文章来源于诊断科学,作者
定量聚合酶链反应(qPCR;也被称为实时PCR)是一种基于PCR的分子生物学技术,能够对目标基因进行扩增和定量[1]。由于其简单、相对较低的成本和灵活性,qPCR已经在多个学科中找到了许多应用。
在研究实验室环境中,qPCR被用于基因转录分析、研究microRNA和检测转化细胞系中的突变基因。在公共卫生领域,qPCR可用于监测水和食品安全[2, 3]。PCR还可用于诊断医学,以确定传染病和非传染病的病例,确定与疾病有关的新基因,监测和追踪疾病爆发,并对癌症患者进行表型分析[4, 5, 6]。
qPCR使用DNA作为模板,而反转录qPCR(RT-qPCR)使用来自RNA的互补(cDNA)模板。
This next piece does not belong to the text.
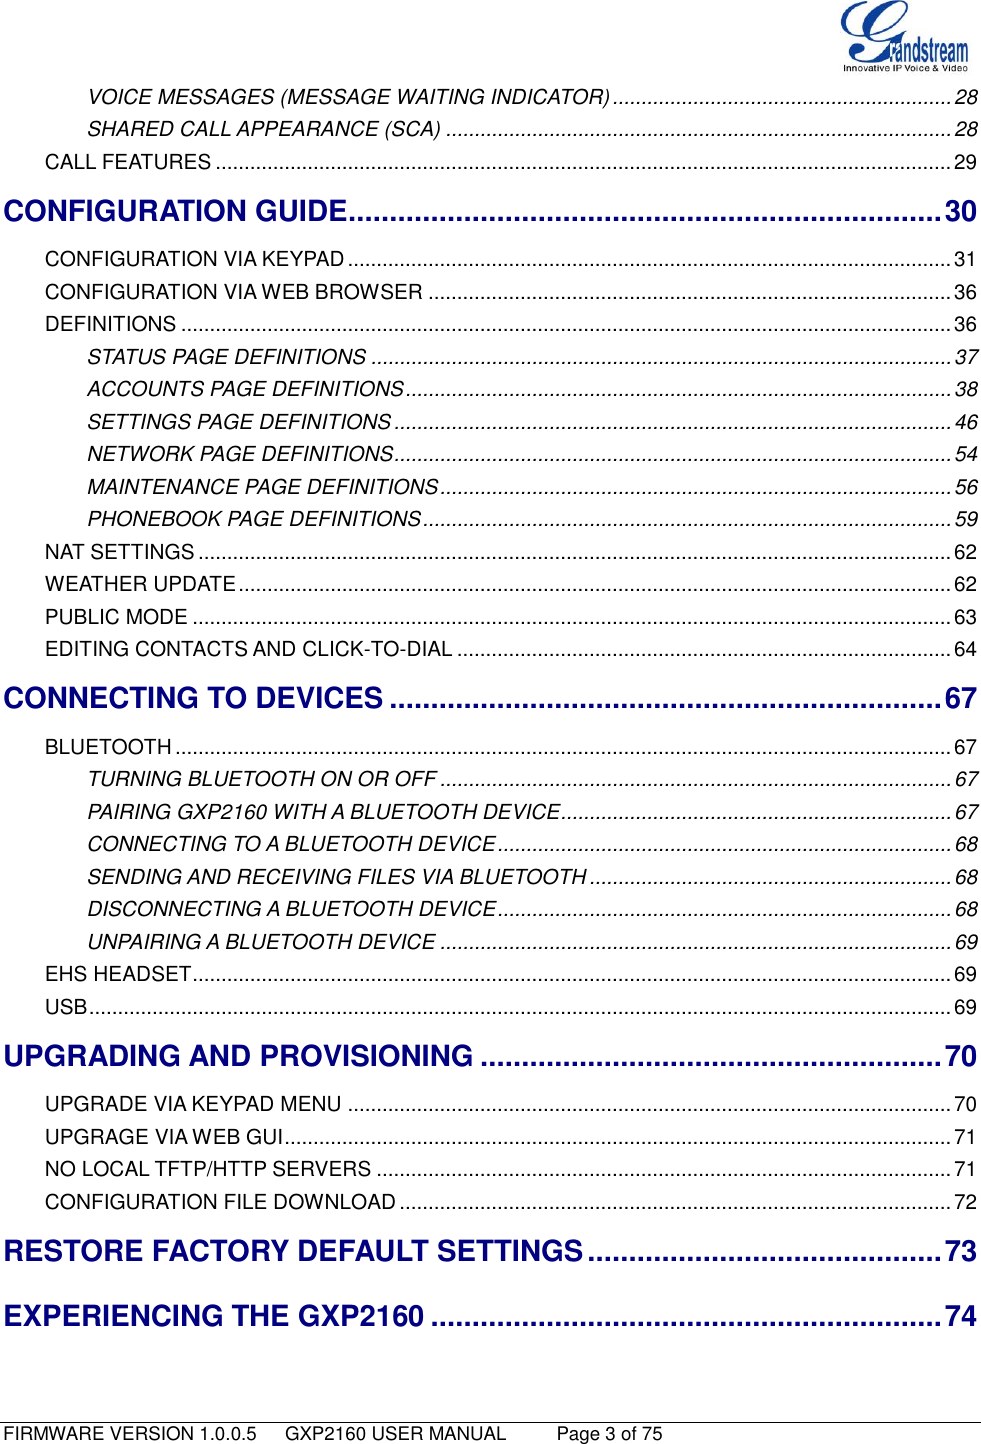   FIRMWARE VERSION 1.0.0.5   GXP2160 USER MANUAL     Page 3 of 75                                   VOICE MESSAGES (MESSAGE WAITING INDICATOR) ........................................................... 28 SHARED CALL APPEARANCE (SCA) ........................................................................................ 28 CALL FEATURES ................................................................................................................................ 29 CONFIGURATION GUIDE ........................................................................ 30 CONFIGURATION VIA KEYPAD ......................................................................................................... 31 CONFIGURATION VIA WEB BROWSER ........................................................................................... 36 DEFINITIONS ...................................................................................................................................... 36 STATUS PAGE DEFINITIONS ..................................................................................................... 37 ACCOUNTS PAGE DEFINITIONS ............................................................................................... 38 SETTINGS PAGE DEFINITIONS ................................................................................................. 46 NETWORK PAGE DEFINITIONS ................................................................................................. 54 MAINTENANCE PAGE DEFINITIONS ......................................................................................... 56 PHONEBOOK PAGE DEFINITIONS ............................................................................................ 59 NAT SETTINGS ................................................................................................................................... 62 WEATHER UPDATE ............................................................................................................................ 62 PUBLIC MODE .................................................................................................................................... 63 EDITING CONTACTS AND CLICK-TO-DIAL ...................................................................................... 64 CONNECTING TO DEVICES ................................................................... 67 BLUETOOTH ....................................................................................................................................... 67 TURNING BLUETOOTH ON OR OFF ......................................................................................... 67 PAIRING GXP2160 WITH A BLUETOOTH DEVICE .................................................................... 67 CONNECTING TO A BLUETOOTH DEVICE ............................................................................... 68 SENDING AND RECEIVING FILES VIA BLUETOOTH ............................................................... 68 DISCONNECTING A BLUETOOTH DEVICE ............................................................................... 68 UNPAIRING A BLUETOOTH DEVICE ......................................................................................... 69 EHS HEADSET .................................................................................................................................... 69 USB ...................................................................................................................................................... 69 UPGRADING AND PROVISIONING ........................................................ 70 UPGRADE VIA KEYPAD MENU ......................................................................................................... 70 UPGRAGE VIA WEB GUI .................................................................................................................... 71 NO LOCAL TFTP/HTTP SERVERS .................................................................................................... 71 CONFIGURATION FILE DOWNLOAD ................................................................................................ 72 RESTORE FACTORY DEFAULT SETTINGS ........................................... 73 EXPERIENCING THE GXP2160 .............................................................. 74

qPCR的结果可以是定性的(确定目标序列是否存在)或定量的(提供目标序列的拷贝数)。专门的qPCR热循环仪与荧光仪相配合,检测目标扩增过程中染料释放的荧光,然后这些荧光读数可用于定量。除了定量能力外,qPCR相对于PCR的一个重要优势是能够评估结果,而不需要凝胶电泳。
qPCR的广泛应用使其成为一项需要完善的重要技术。本章提供了一些必要的提示,以确保你的所有qPCR实验有准确和可重复的结果。
试剂
正确储存引物
你的qPCR反应取决于正在使用的引物的稳定性。将引物母液储存在焦碳酸二乙酯(DEPC)处理过的水中会导致引物降解,因为其pH值呈微酸性。使用中性pH值的溶液将保护你的引物不被降解。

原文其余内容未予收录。